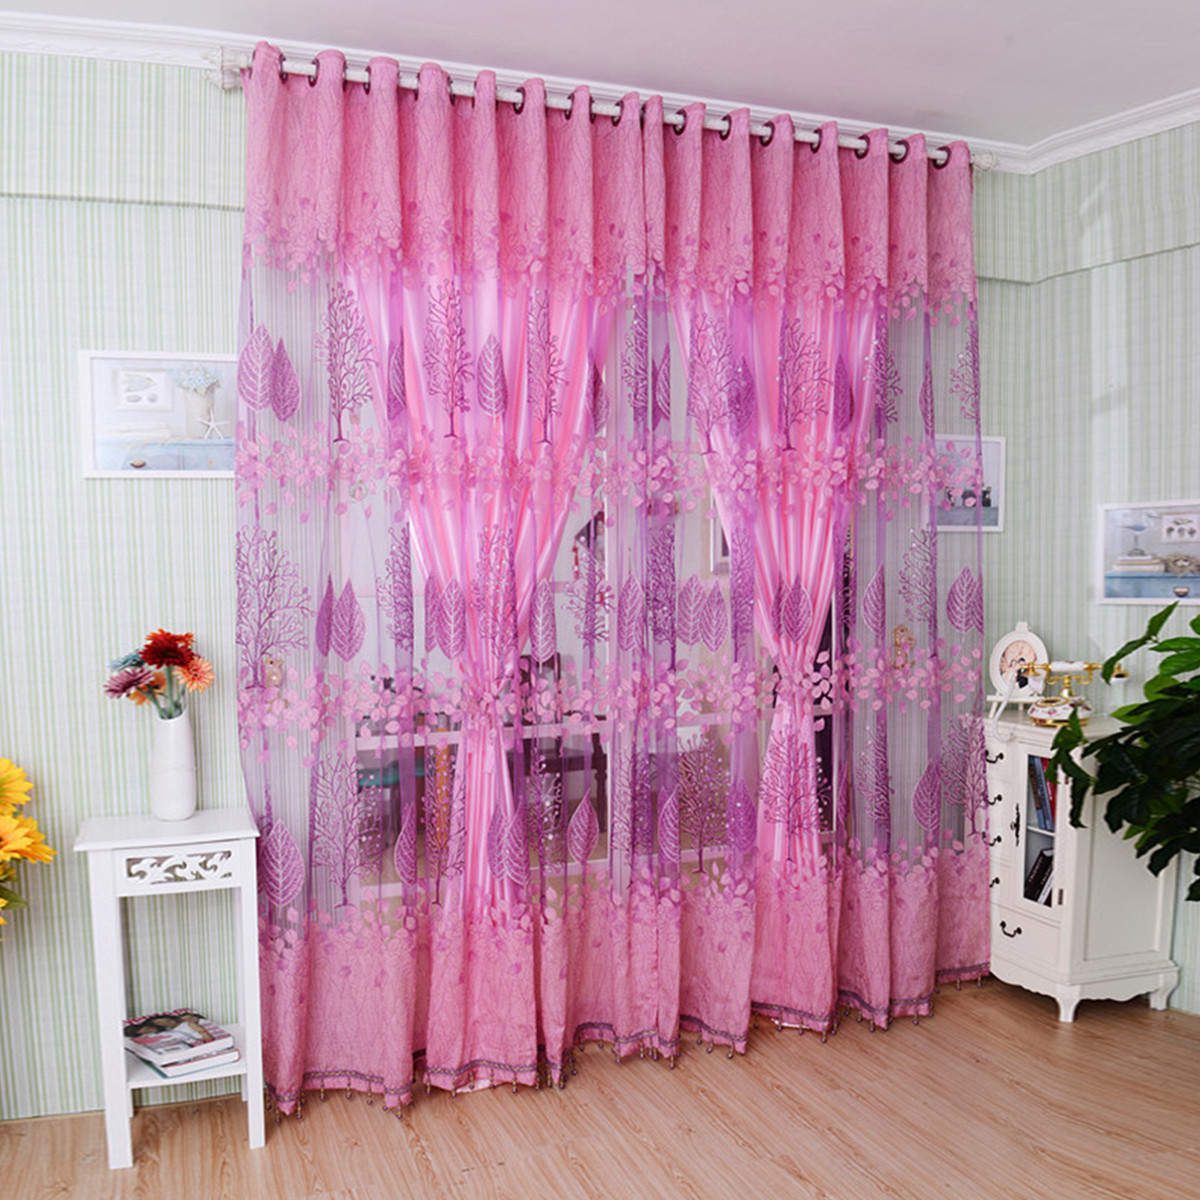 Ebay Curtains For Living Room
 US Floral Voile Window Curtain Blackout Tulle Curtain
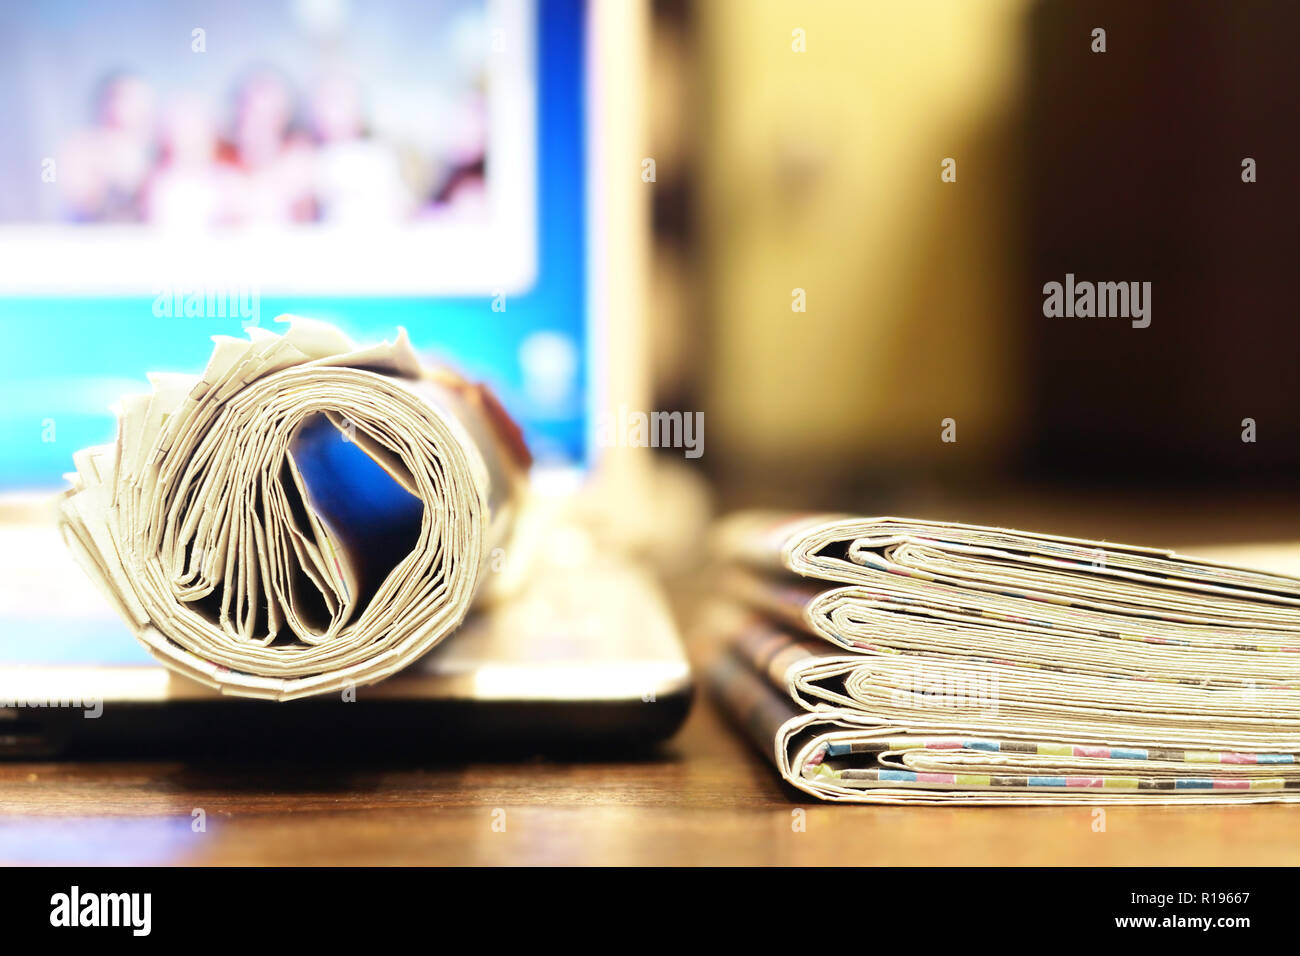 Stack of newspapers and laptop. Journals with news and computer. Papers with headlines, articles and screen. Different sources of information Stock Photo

Problem — Beginning with the line that contains "US Floral Voile", output each line of the material above through the last one exactly as it stands. Do not include the pictures.

Response area —
 US Floral Voile Window Curtain Blackout Tulle Curtain
 Stack of newspapers and laptop. Journals with news and computer. Papers with headlines, articles and screen. Different sources of information Stock Photo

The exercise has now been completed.